--- START ---

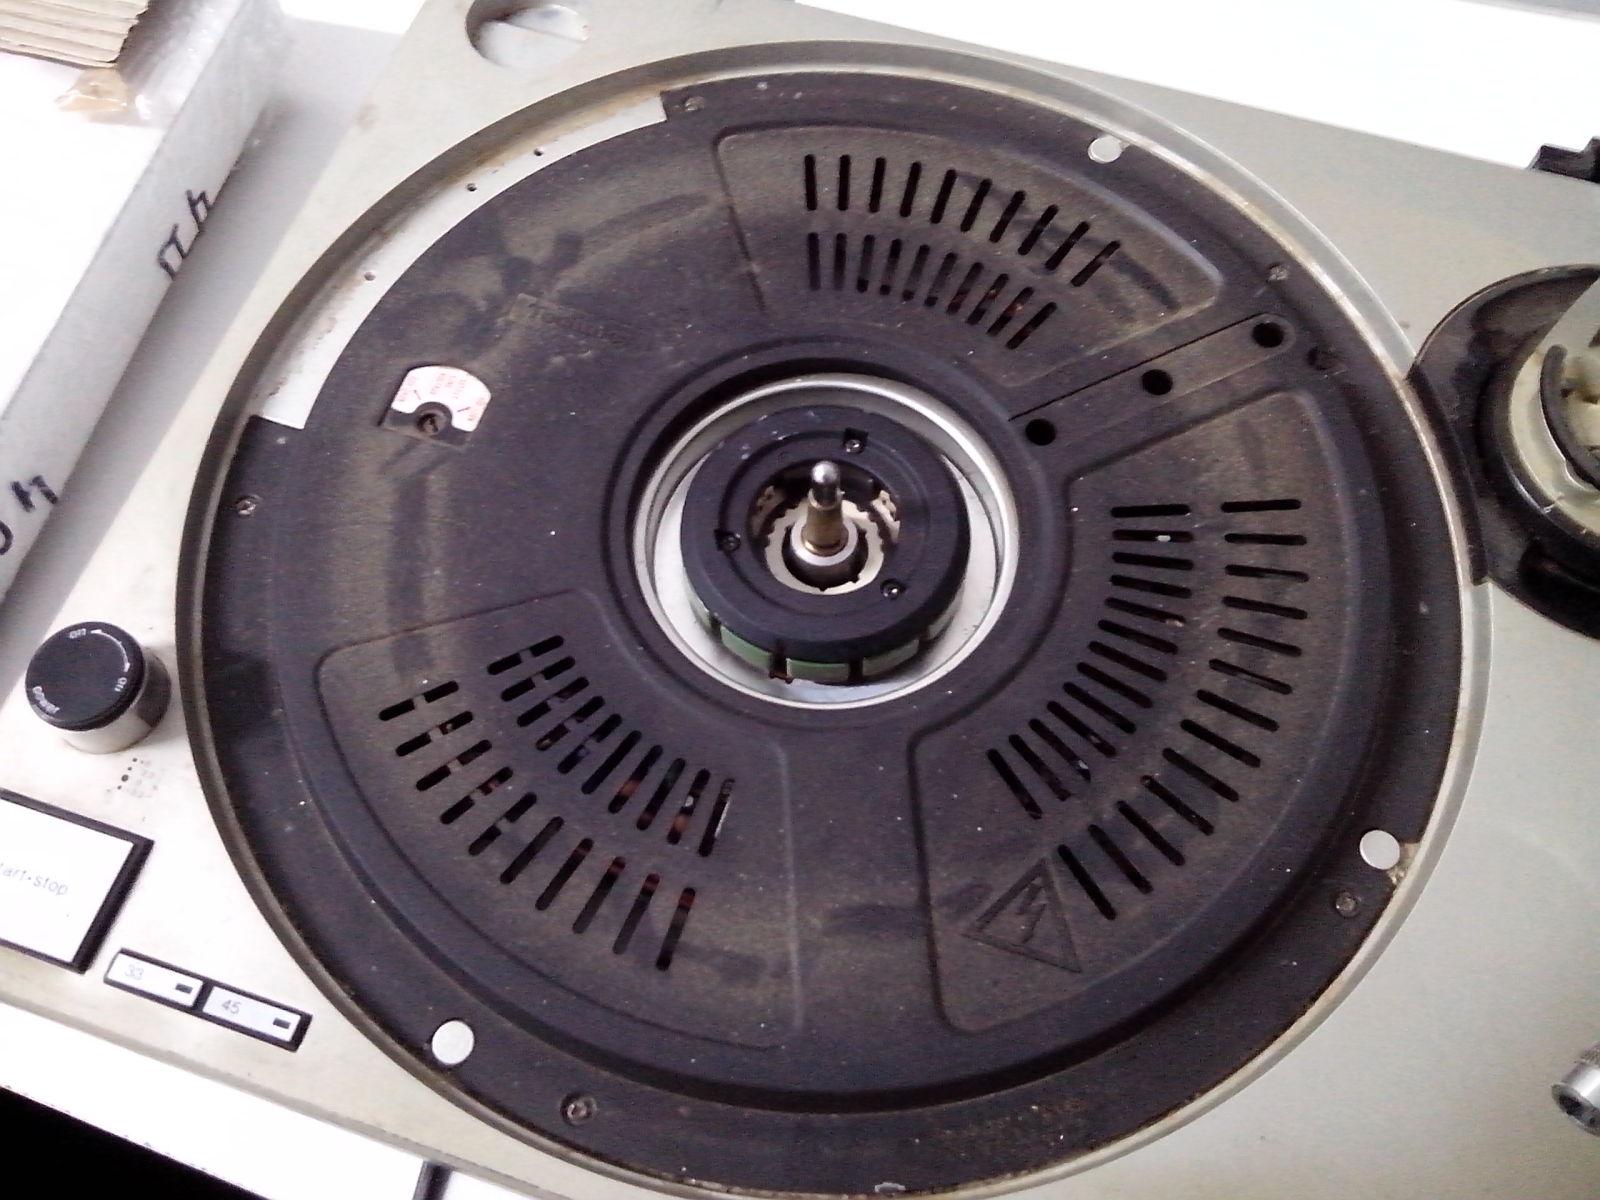 Restauración y mejora de un Technics SL1200 Rmjxxz
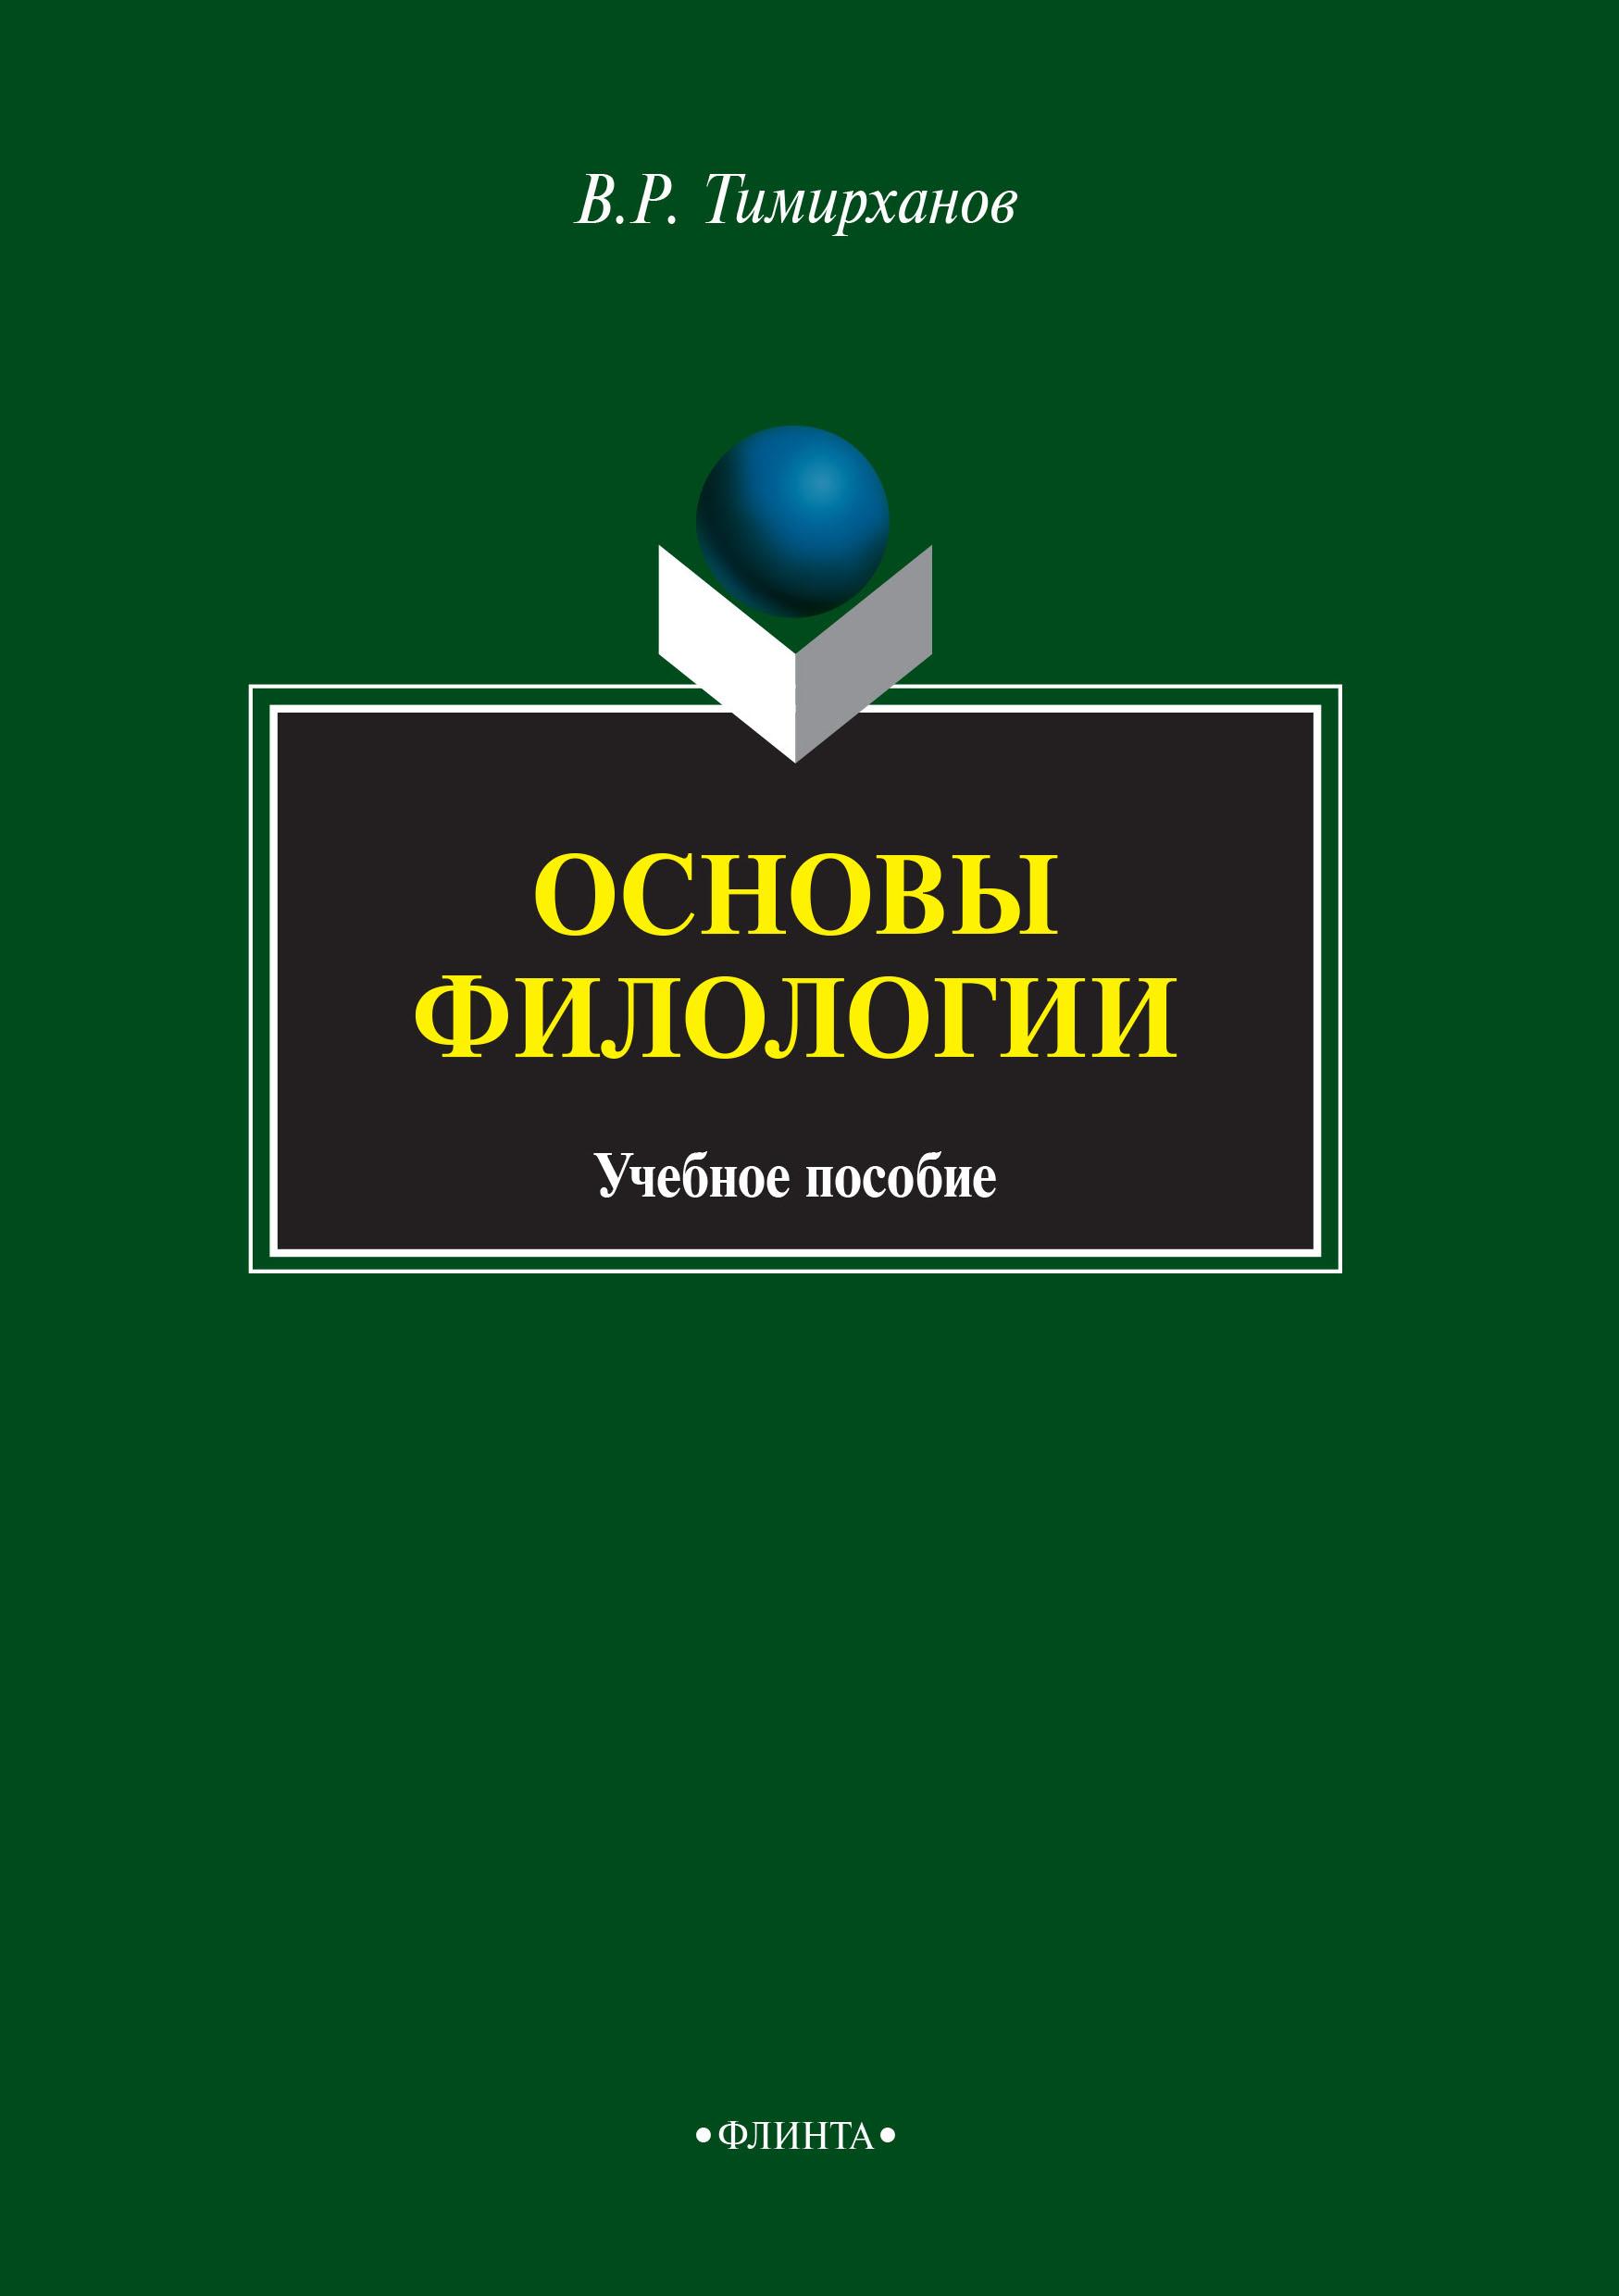 Основы филологии ( Валентин Тимирханов  )
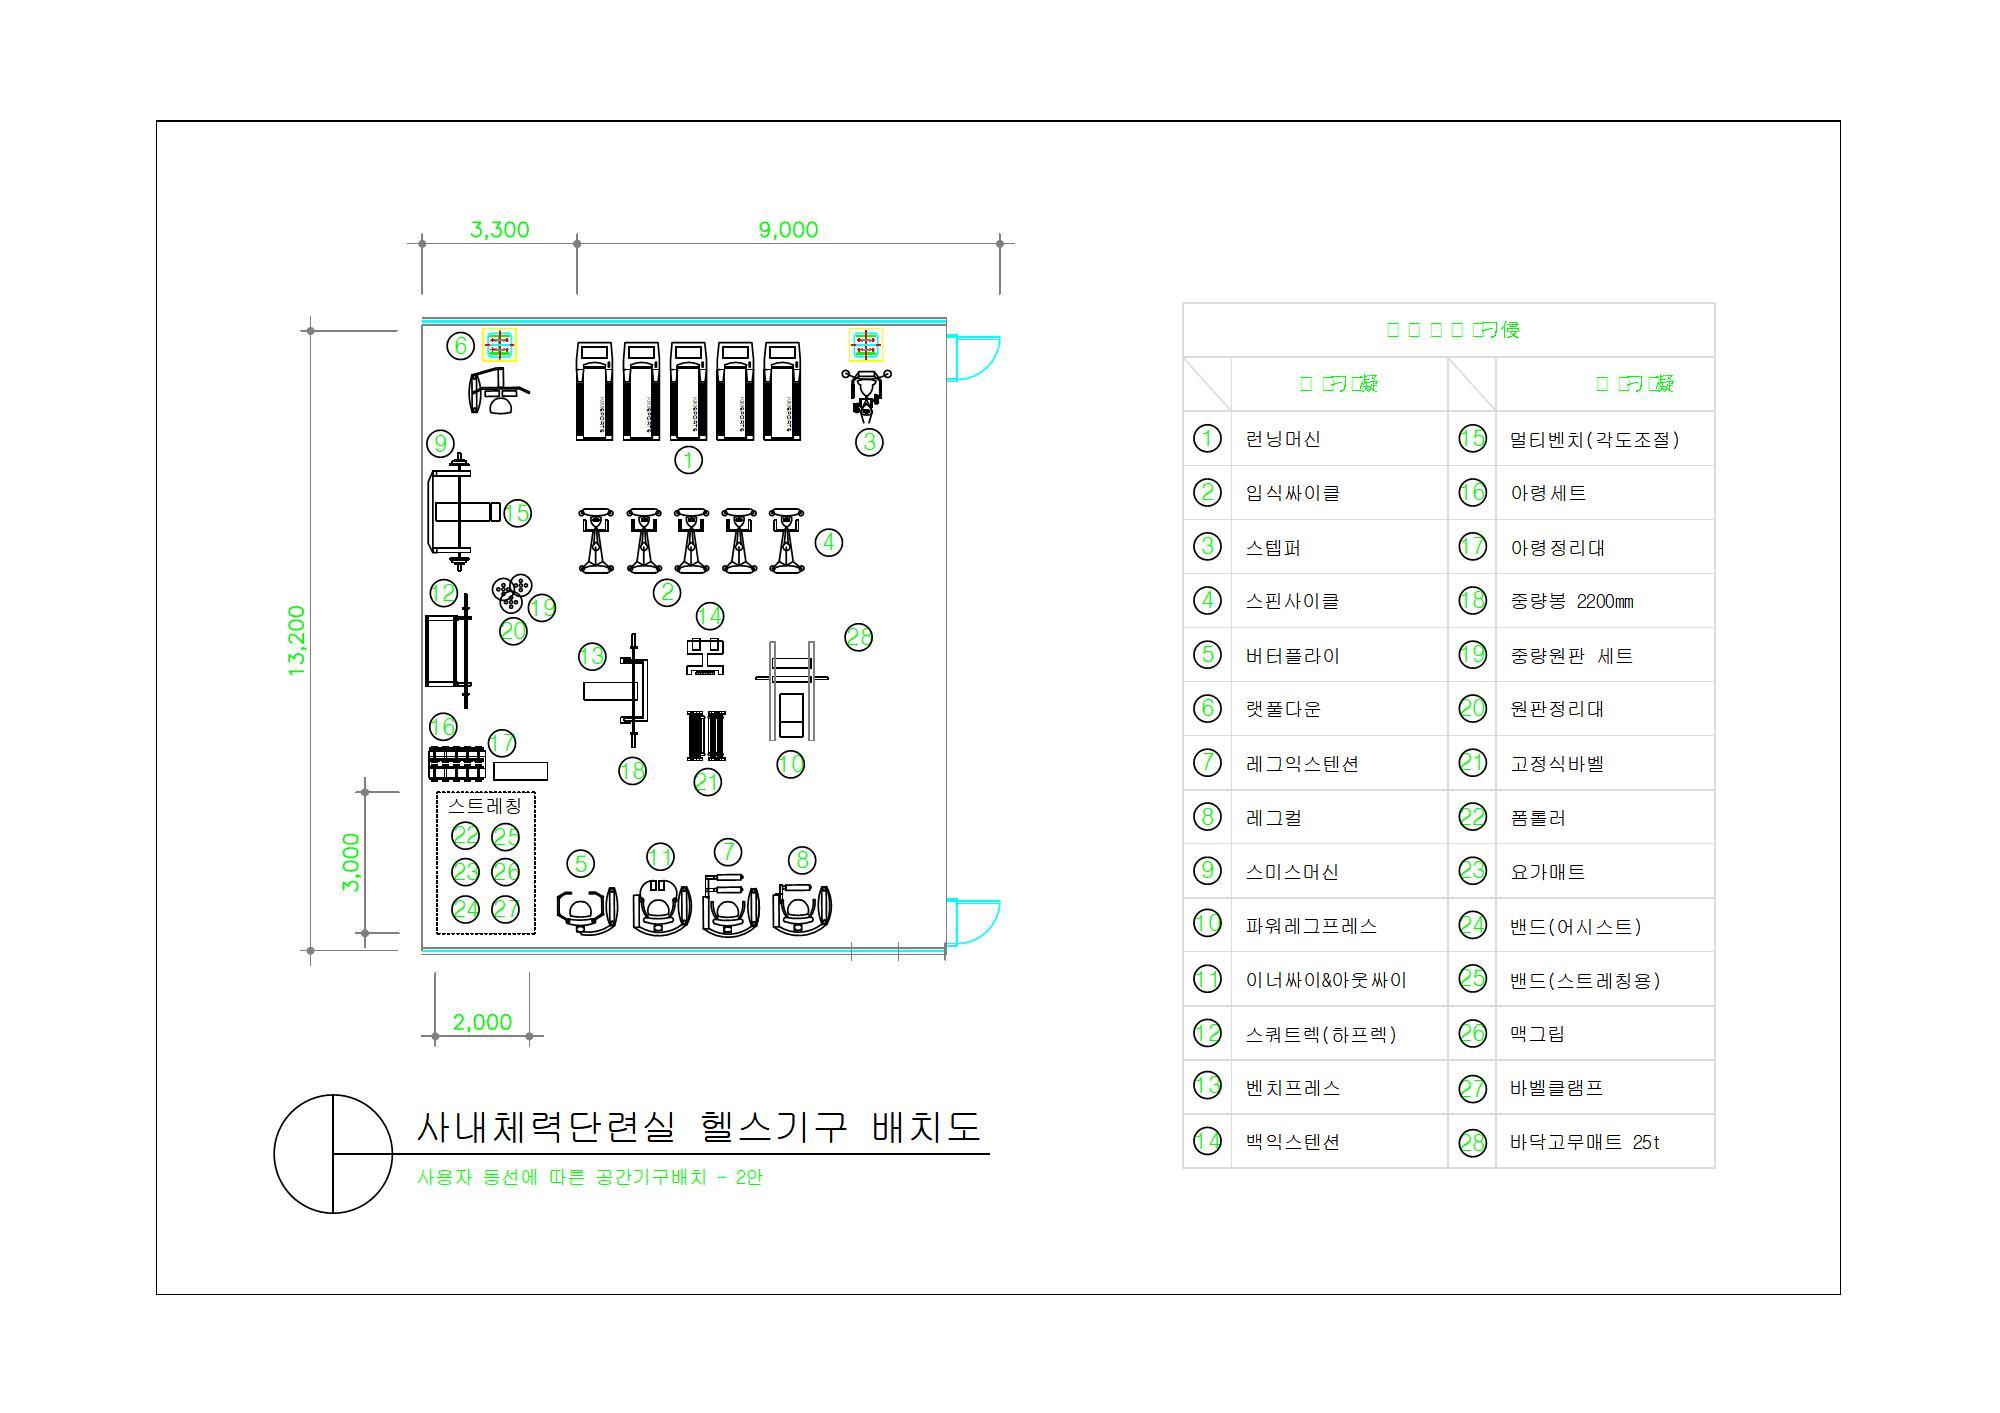 킴스포츠-헬스기구배치도-Model-2안_1.jpg

--- END ---

Copy the material above word for word, images excluded.

Your response
 Restauración y mejora de un Technics SL1200 Rmjxxz
 Основы филологии ( Валентин Тимирханов  )
 킴스포츠-헬스기구배치도-Model-2안_1.jpg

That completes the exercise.